Whether for a few minutes or a few hours, all parents will face this dilemma: Is my child old enough to stay home alone?
If you look to Ohio's state or local laws, you won't find a minimum age specified. Instead, the Ohio Revised Code says that parents are responsible for providing adequate and proper supervision and care for their children. So, the real question isn't so much one of age, but one of your child's maturity, readiness, and your ability to plan for safety, emergencies, and activities.
Parents need to look at their child's maturity and readiness in three broad areas.
Can your child lock and unlock the doors and windows; use the telephone; and operate appliances safely (such as a can opener, microwave, toaster oven, stove top)?
Your child must be able to read and take a written message; follow and give directions; and understand and describe house rules and safety/emergency procedures.
Your child needs to feel good about being left home alone; feel confident in his/her ability to take care of him/herself; and be comfortable with limited social interaction.
Take cues from your child. If he/she says he/she is afraid, lonely, or unsure of his/her ability to stay home alone, he/she is not ready. Once you believe your child is ready, create a plan. Begin by talking with your child about the possibility of staying home alone. Ask if he/she would like to stay home alone. If not, don't force the issue. If yes, then do the following.
- Talk about house rules and expectations, and write down safety and emergency procedures. Ensure that your child understands what to do and who to contact in case of an emergency.
- Make a list of play rules. Is it OK to play outside? When? With other neighborhood kids? What activities are "off limits"?
- Develop a list of activities, besides watching TV and playing video games.

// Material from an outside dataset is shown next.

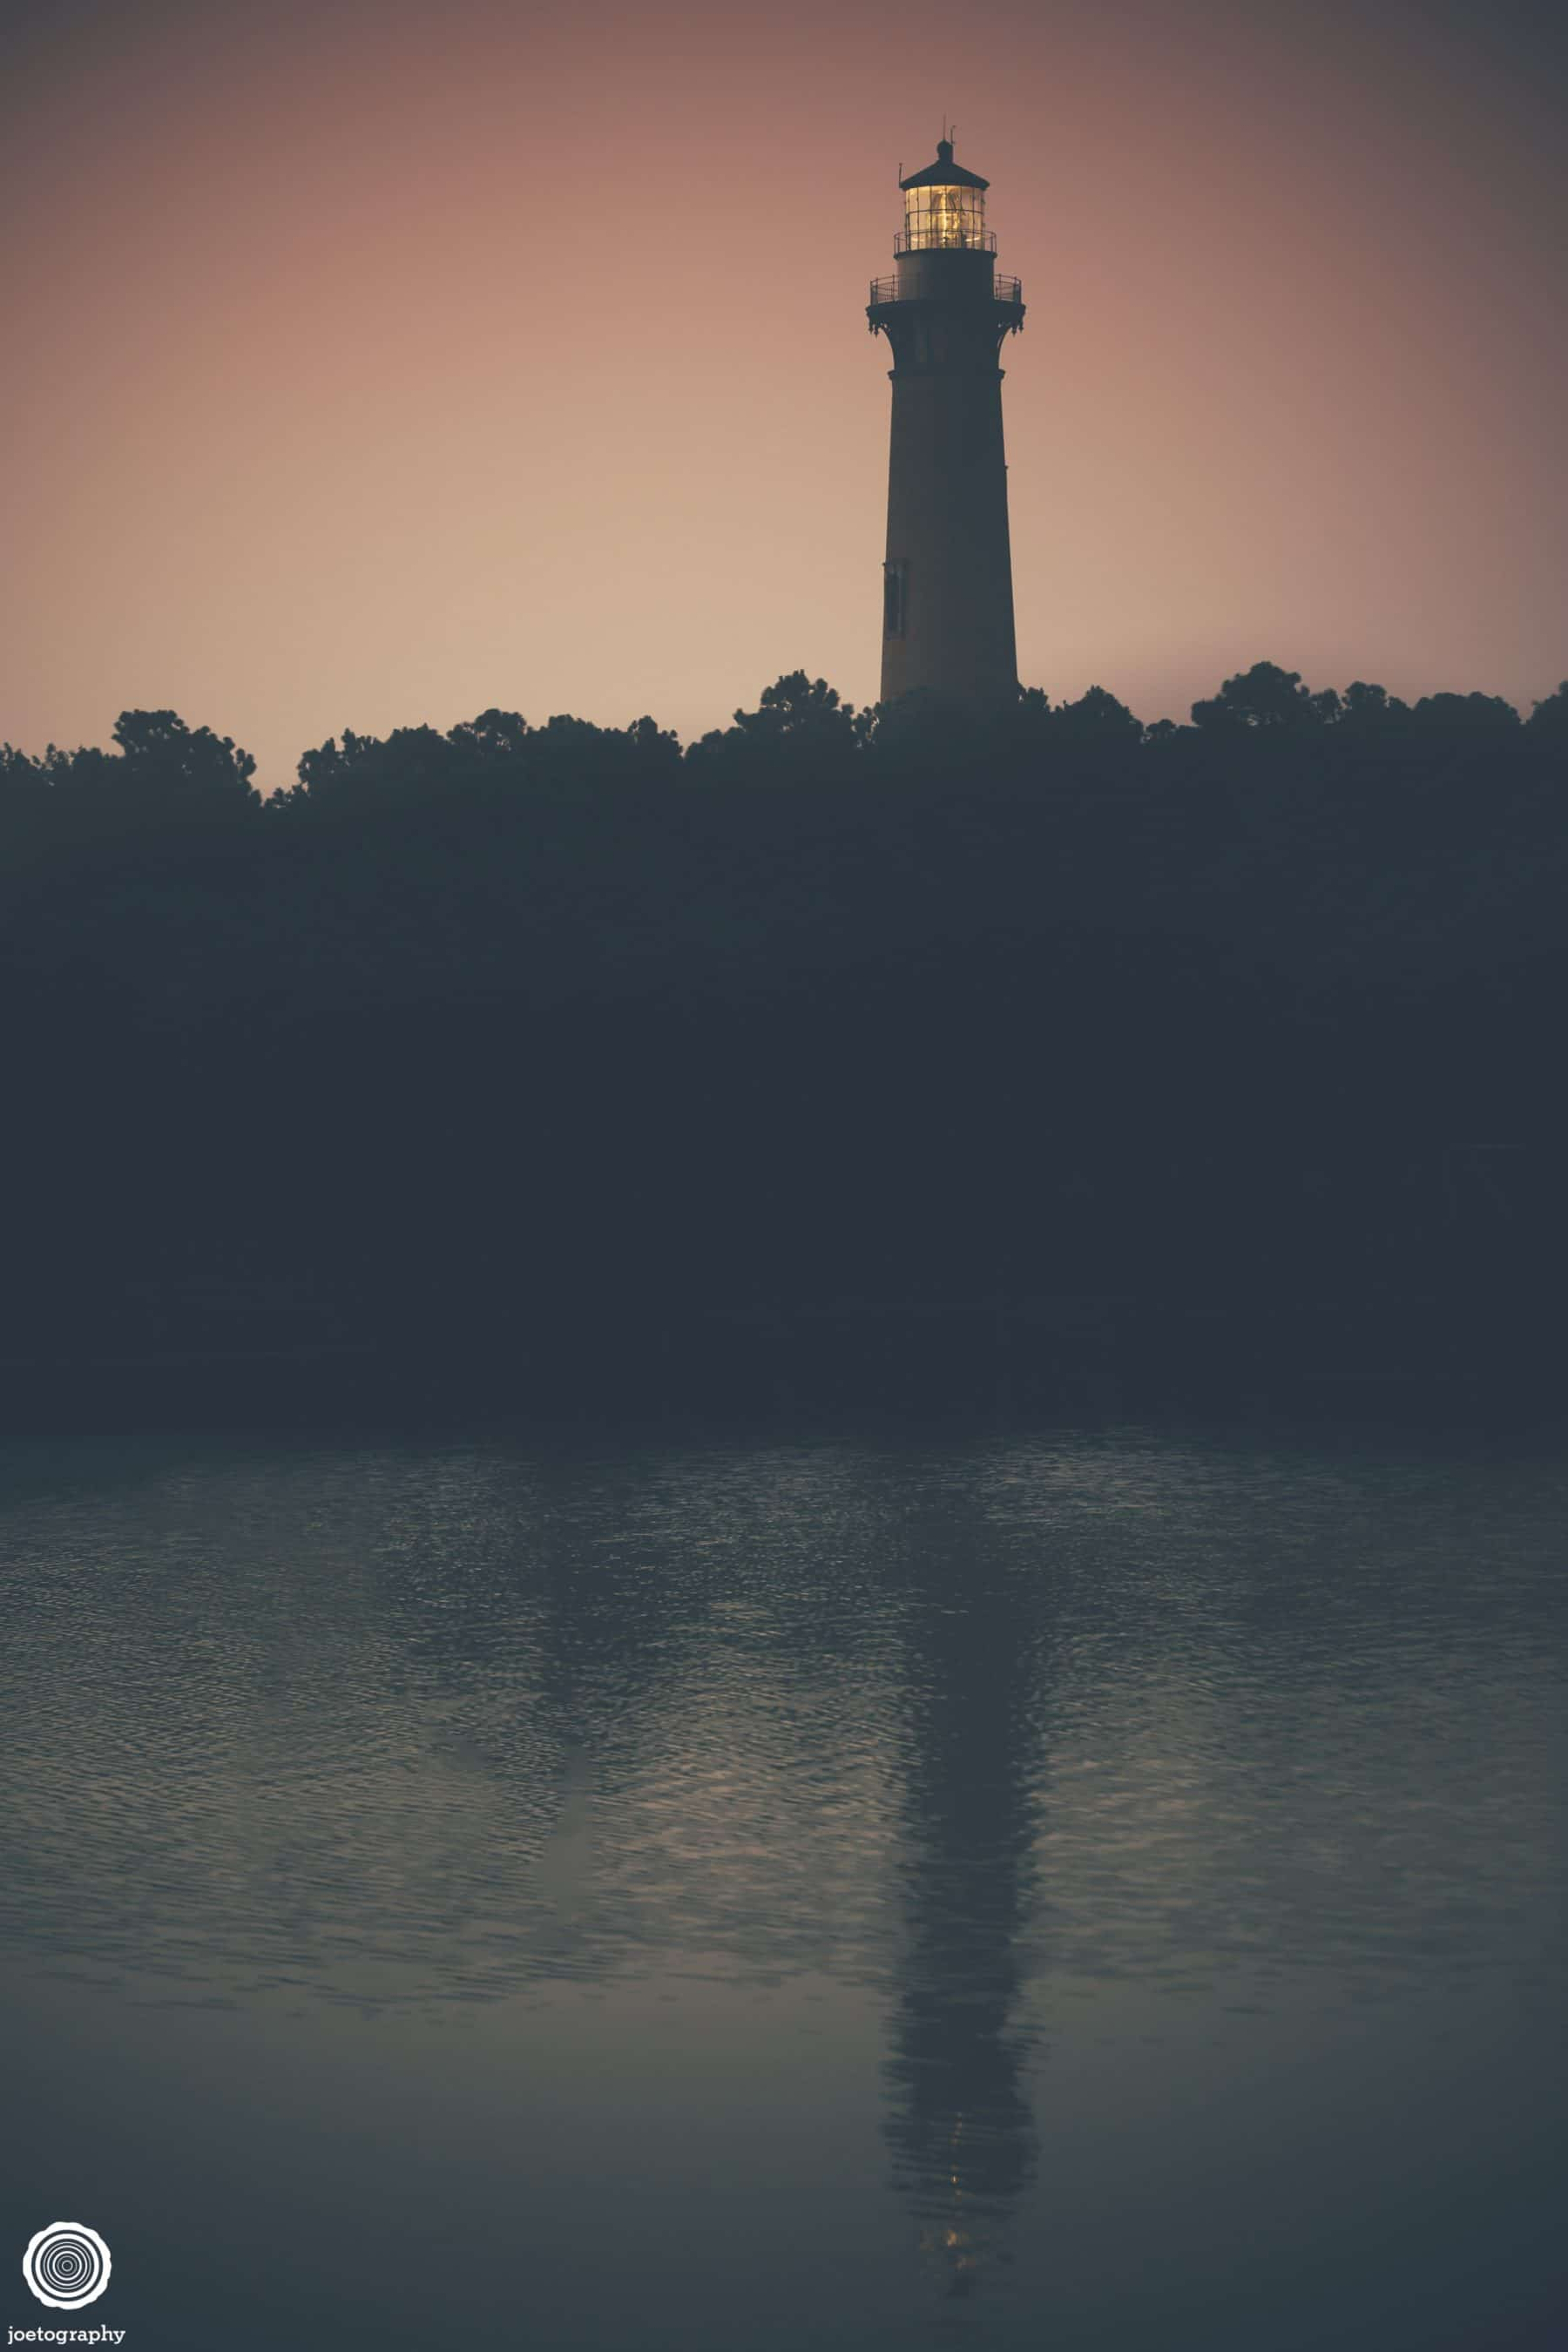 Outer-Banks-North-Carolina-Travel-Photography-5

- Establish Internet and texting rules and limits (ikeepsafe.org has excellent resources that can help you and your child).
- Stock a crafts center.
- Discuss meals and snacks and how to prepare them.
- Decide if any household chores are to be done, and discuss standards for their completion.
- Rehearse what to do in case of a power outage, fire, or tornado (see homesafetycouncil.org).
- Discuss how the telephone should be answered and what information is OK to give out (never let a stranger know a child is home alone).
- Determine who should be let in the house (uniformed persons are strangers, too).
- Learn how to do basic first aid (completing a Red Cross course is recommended).
- Establish a "code word" to use if you need to communicate to your child through another person.
- Rehearse possible situations that your child might face while home alone, and discuss how to handle them safely.
At the end of this process, you must be confident that your child can do basic problem-solving and make good decisions in your absence. Be sure that your child has at least three alternate contacts whom he/she can call, and that there is a "safe place" in the neighborhood where he/she can go for help (such as to a neighbor's, to the fire station, or to a place of worship). Post contact and emergency numbers next to the phone. If your child has a cell phone, make sure the numbers are added to his/her contacts or built-in phone book.
There is no magic age at which children can stay home alone. What matters most is (1) whether they are mature enough, (2) they know how to respond in emergency situations, and (3) they are willing to follow directions and rules. If your children are not comfortably self-sufficient in your absence, they are not ready to stay home alone.
Casper, L. M., & Smith, K. E. (2004). Self-care: Why do parents leave their children unsupervised? Demography, 41(2), 285–301.
Sloan Work and Family Research Network. (2009). Questions and answers about school-age children in self-care: A Sloan Work and Family Research Network fact sheet. Chestnut Hill, MA: Boston College.
Vandivere, S., Tout, K., Zaslow, M., Calkins, J., & Capizzano, J. (2003). Unsupervised time: Family and child factors associated with self-care (Occasional Paper No. 71). Washington, DC: The Urban Institute.
Zielewski, E., Malm, K., & Geen, R. (2006). Children caring for themselves and child neglect: When do they overlap? The Urban Institute.
Children Caring for Themselves and Child Neglect: When Do They Overlap? (urban.org).